In this project, I want to use Dask parallelization to ingest and process data on global temperature trends and build a command line tool that would make predictions on the temperature of a major city.
The main.py file is a click command line tool that allows you to input a city, a country and any year into the future and receive the predicted average yearly annual temperature in that year.
After you make the python file executable by running the following command:
chmod +x main.py
You can then run the ./main.py command using the following sequence
./main.py --city 'Peking' --country 'China' --year 2040 -- fahrenheit false
which will prompty return you its prediction: The predicted average temperature in Peking, China in 2040 is 12.7 degrees Celsius. Entering true for the fahrenheit option would return the temperature in Fahrenheit.
The script is run on around temperature data of 3,500 cities in the world. The data is stored in parquet format in the raw_data directory and contains average yearly temperatures of cities going back to 1700s.

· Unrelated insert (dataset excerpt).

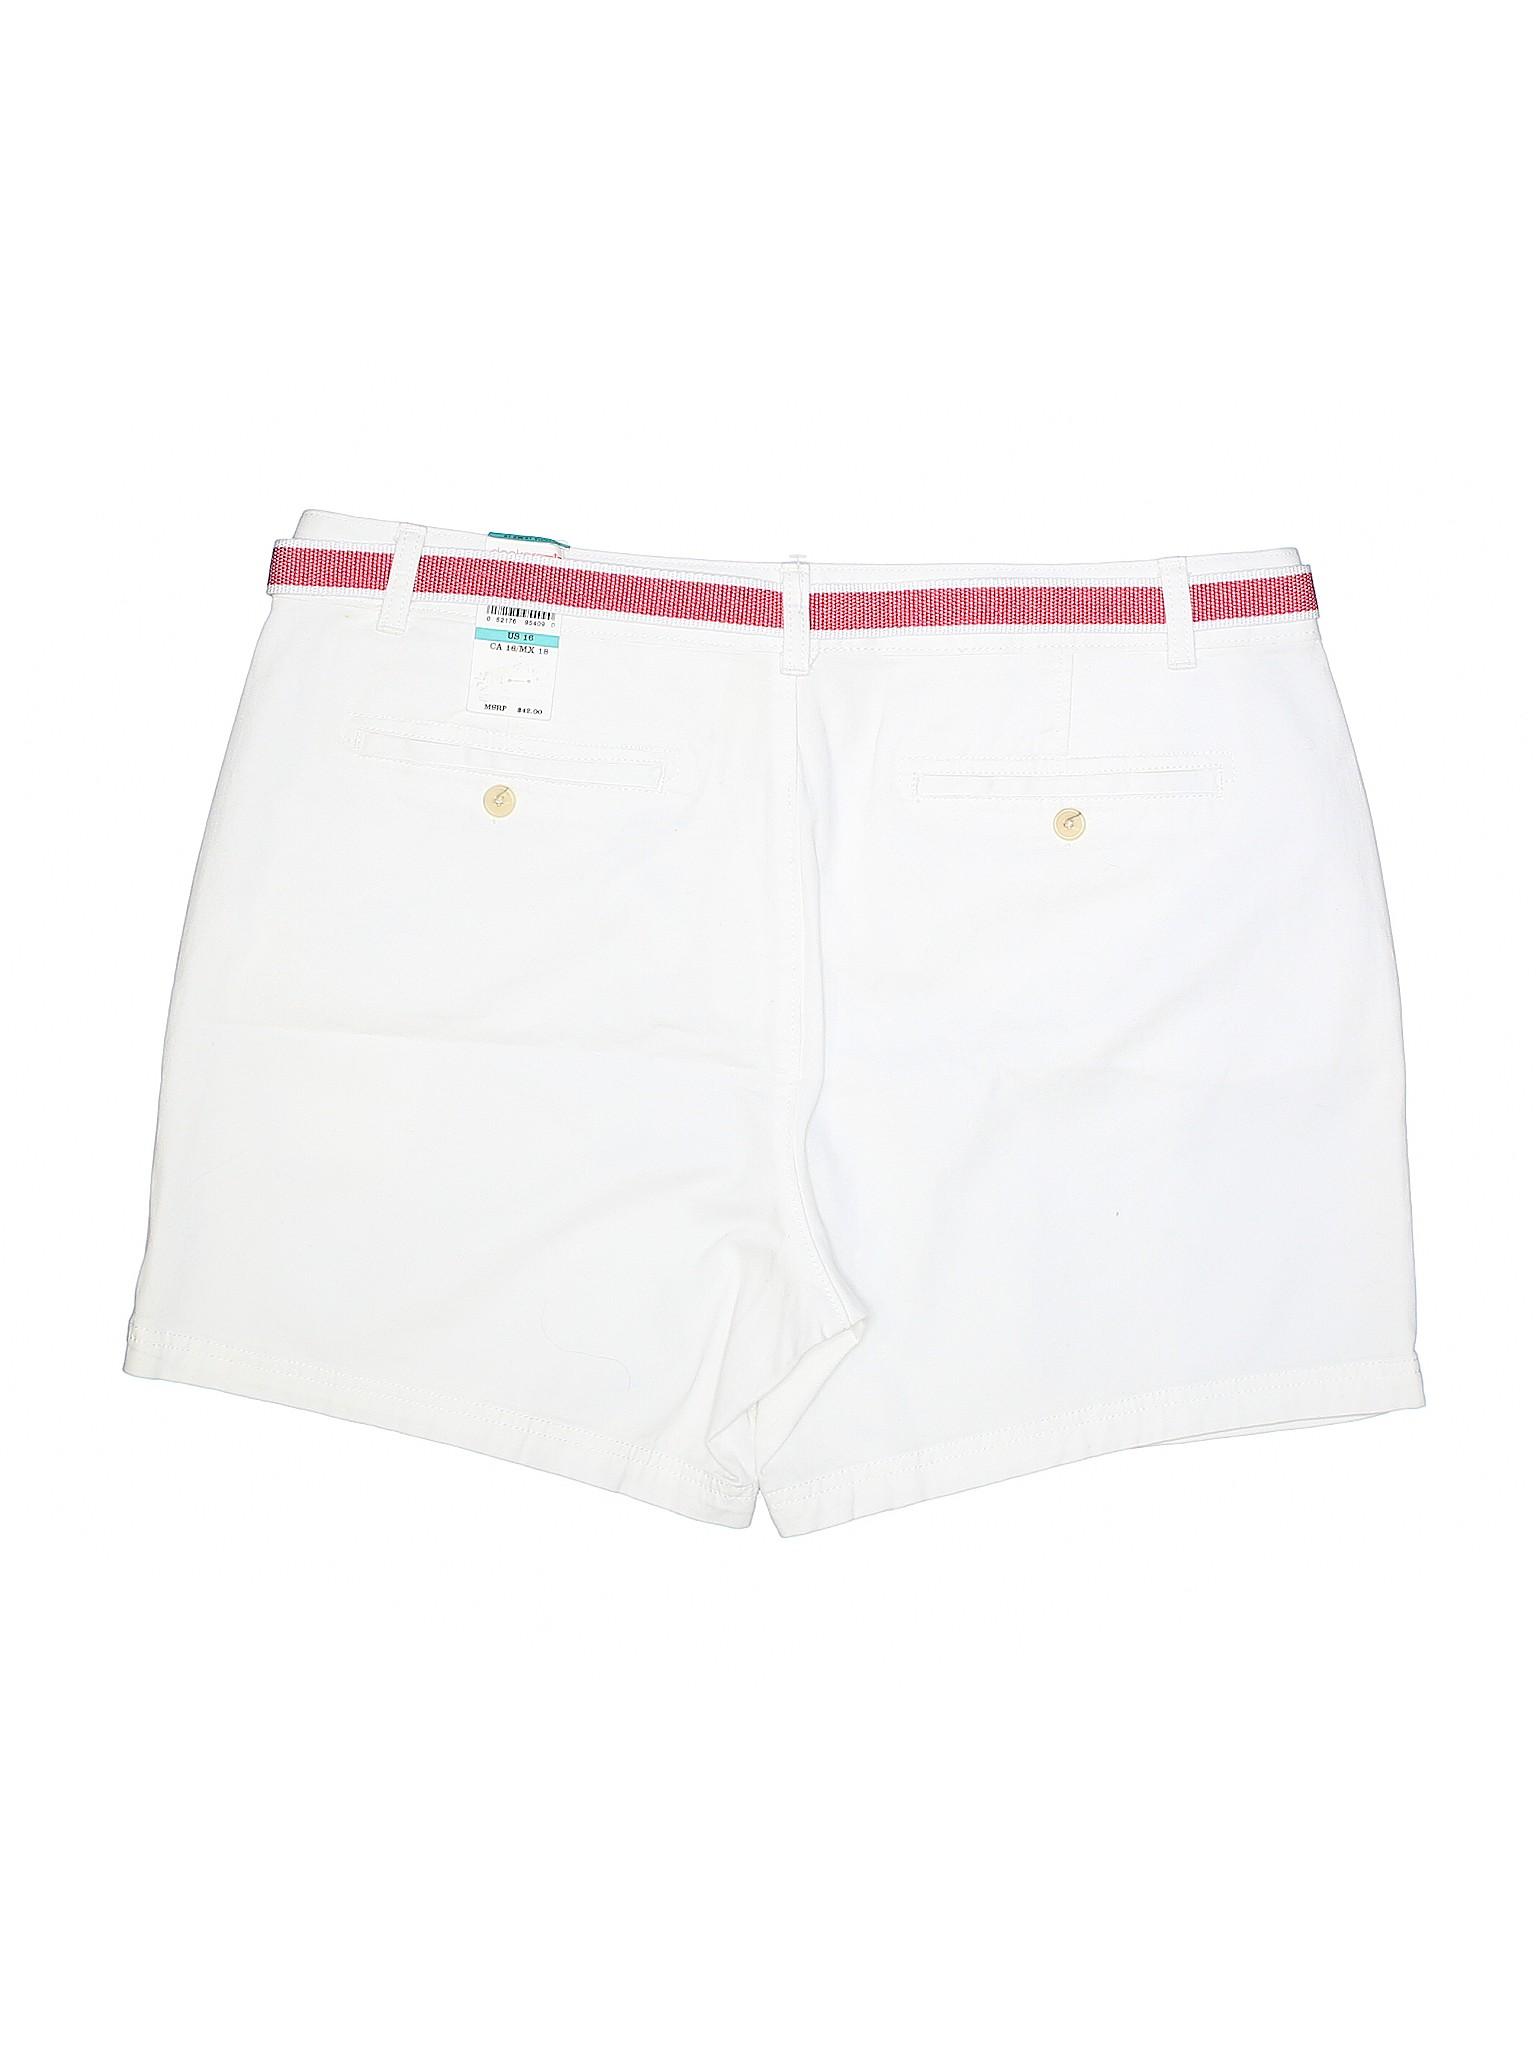 Shorts Shorts Boutique Dockers Khaki Khaki Dockers Boutique gxOBdZqZw

The python script loads in the data using Dask, a parallel computing program, and the exploratory data analysis and its plots are stored in the eda.ipynb file. The script loads the data in, cleans the NA values and select only the yearly temperature from 1800 onward, and quries for a city by its city and country name. The program then runs a linear regression on the temperature data using historical values. It then makes a prediction using the year inputed by the user.